Señalaba George Steiner, hablando de los horrores padecidos por el pueblo hebraico, antes y después de la diáspora al encuentro de una pequeña tierra llena de enemigos, y cuya única apetencia era lanzar a los hijos de Abraham a las aguas del Mediterráneo o enterrarlos bajo las ruinas de Masada:
“Los hombres se han asesinado desde siempre por una franja de tierra, bajo banderas de distintos colores que enarbolan como estandartes, por pequeños matices en sus lenguas o dialectos”.
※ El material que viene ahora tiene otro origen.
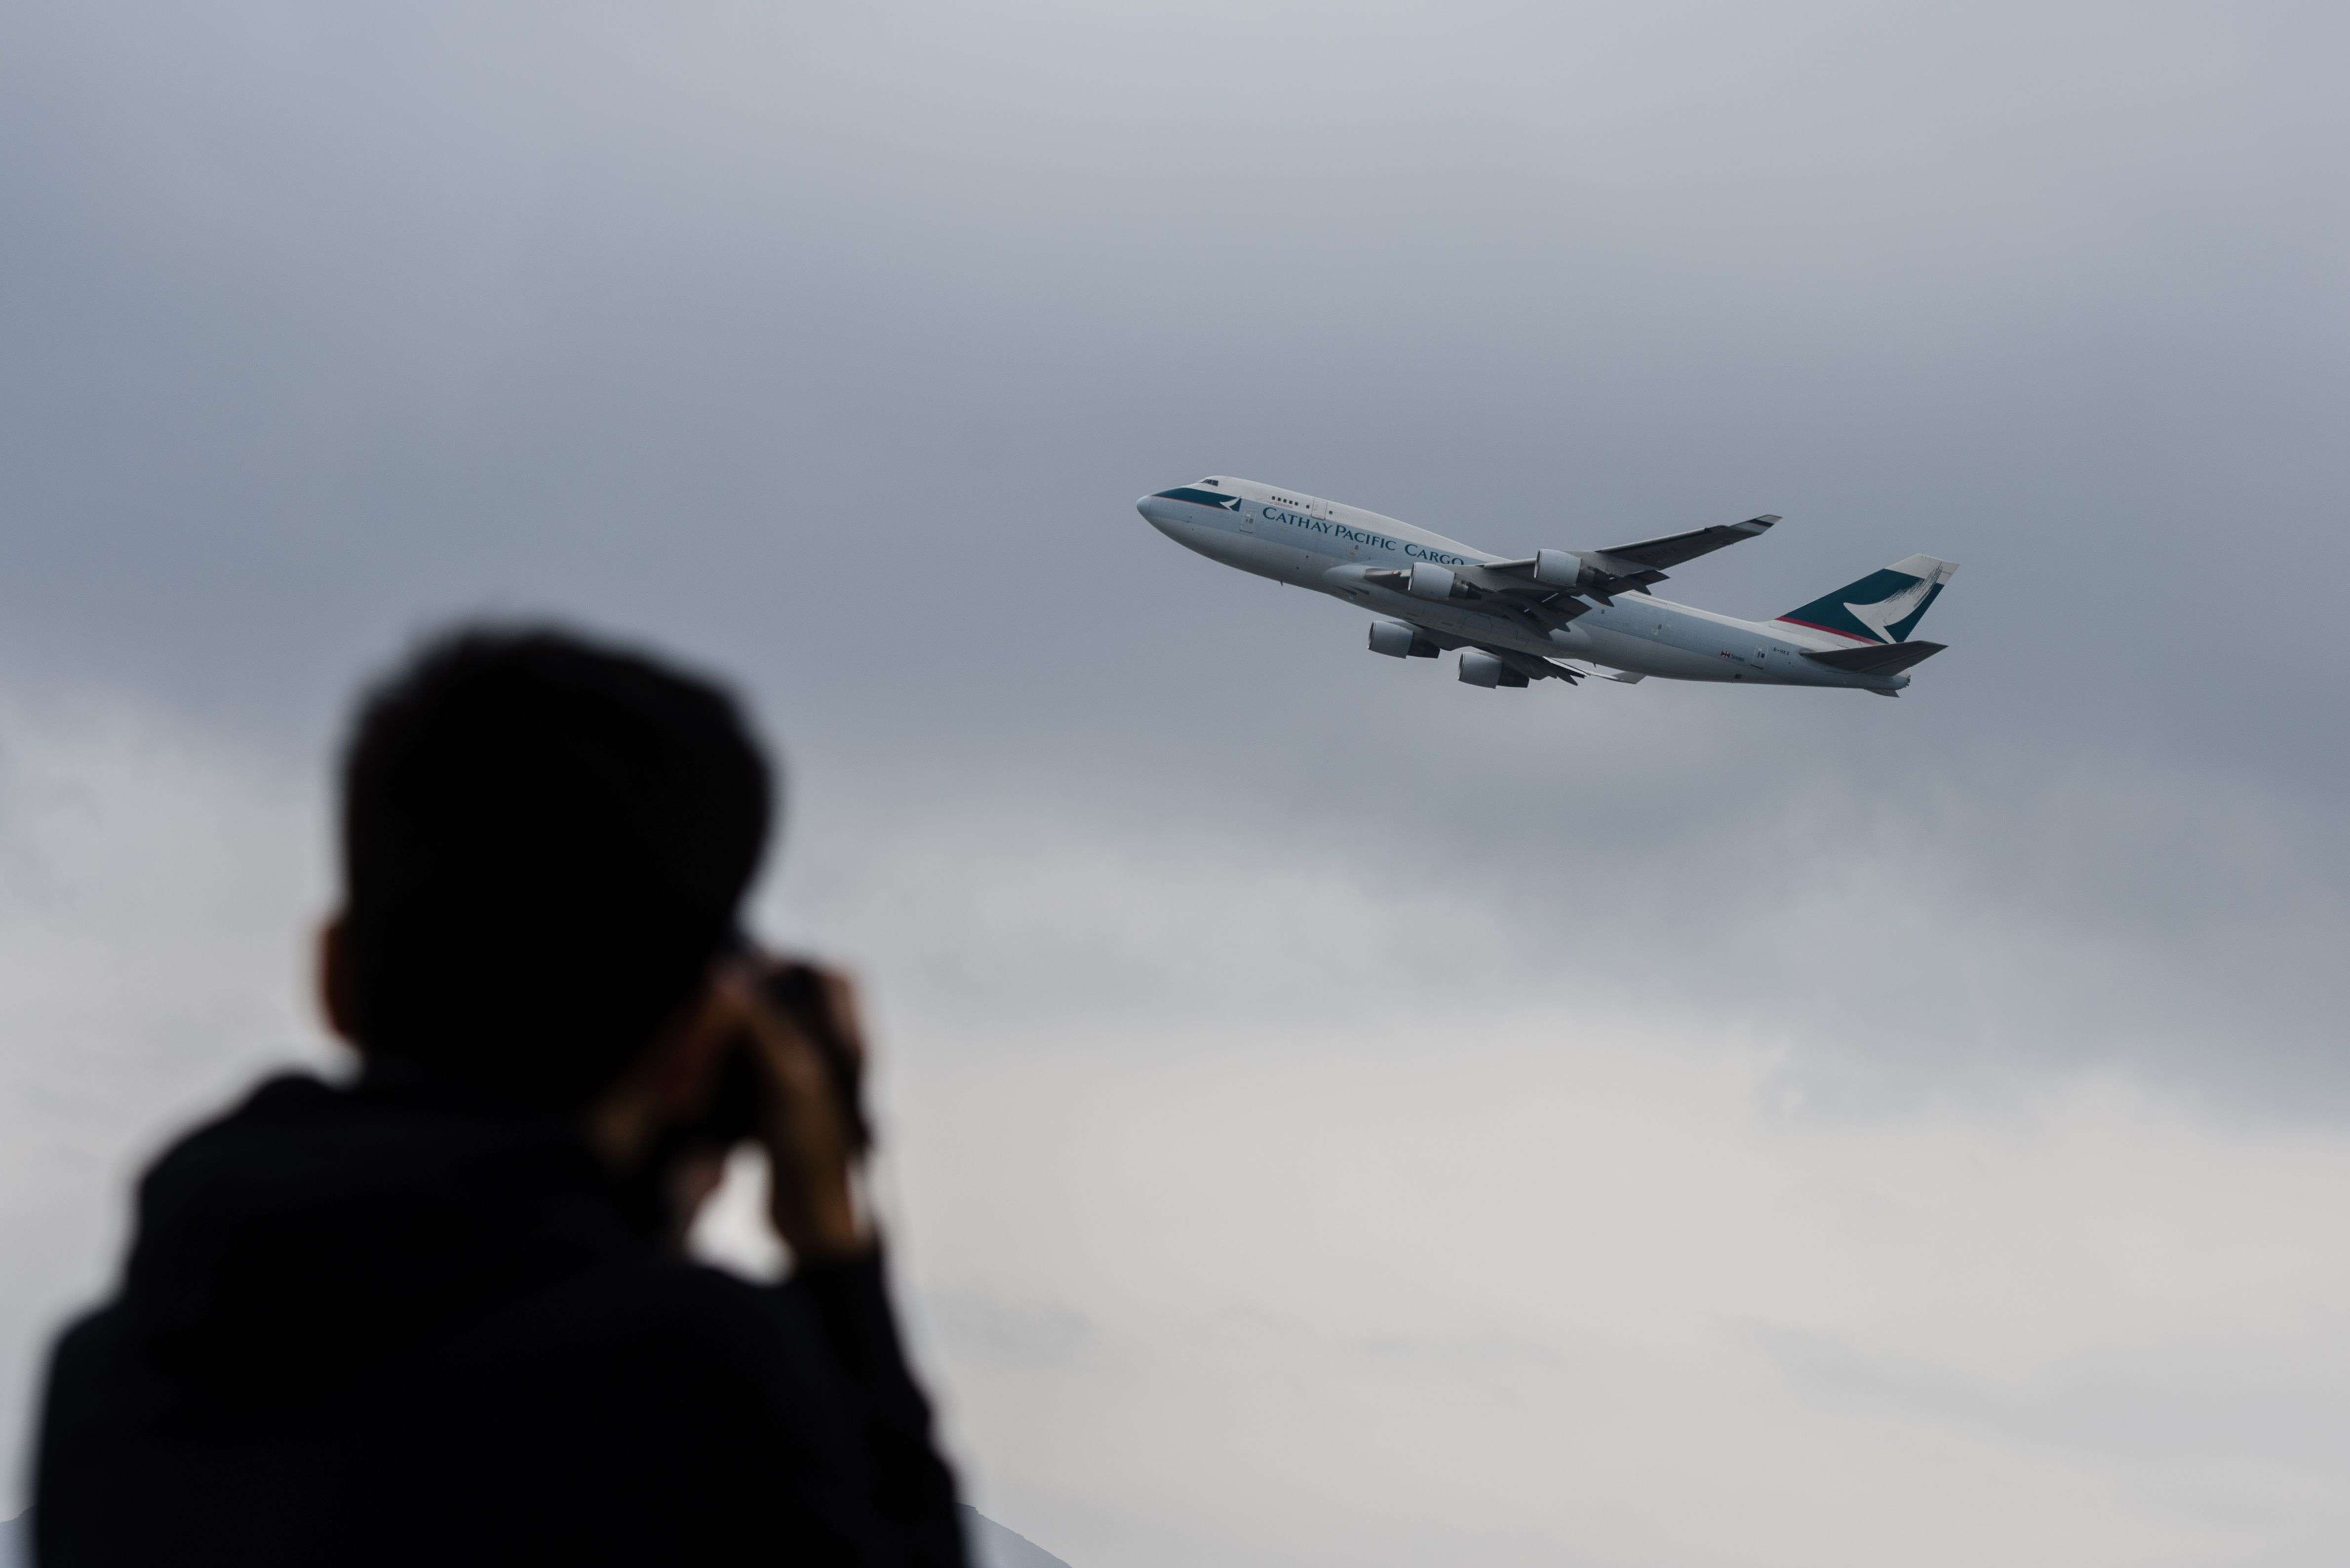 An aviation enthusiast photographs a Cathay Pacific cargo plane as it takes off from the international airport in Hong Kong this month. Symbolically, Cathay is to Hong Kong’s autonomy in the air what the territory’s political and economic institutions are to its special status on the ground. Photo: AFP

A continuación, el hijo de judíos vieneses nacido en París, glosa que el mismo Hamlet se asombra ante un ejército de paso. ¿Por qué avanza hacia la batalla sangrienta? ¿Es acaso para alcanzar un fin exaltado o fructífero?
Un capitán responde:
“A deciros verdad y sin la menor exageración, vamos a conquistar una reducida porción de tierra que no ofrece en sí más ventaja que su nombre. Ni por el precio de cinco ducados, cinco no más, la tomaría yo en arriendo, ni daría mayor beneficio al rey de Noruega o al de Polonia si la vendieran en pleno dominio”.
Debido a ese pedazo de tierra baldía, comenzaron las profundas confusiones de los tiempos actuales venidos de lejanos días en que la Biblia y el Corán expandieron sangre de los manantiales de Jerusalén llegados del río Jordán.
La historia de los humanos se encumbra sobre venganzas mortíferas, dejando poco espacio a la comprensión de sus perdurables enemigos. Intentar salvar al mundo judaico de ayer y hoy, es un bramido llegado del alba de los tiempos.
Seria necesario – y eso solamente sucederá en el final de los tiempos - que las trompetas de Jericó, y en la Mezquita Omeya de Damasco, suenen al unísono hacia Jerusalén, La Meca, Medina y El Vaticano.
Para conseguir ese compromiso al día de hoy, sería necesaria una reunión en el mismo Gólgota entre Jesucristo y Mahoma.
Todos, varones o hembras, hemos sido construidos de lamentable levadura mal cocida, y el soplo de la supervivencia nos ha dejado insondables heridas aún no cicatrizadas.
Alguna vez quizás conoceremos nuestro fragmentado origen, y será en el instante en que el Universo protector decida hablar, sin truenos ni relámpagos, a toda la humanidad viva o muerta.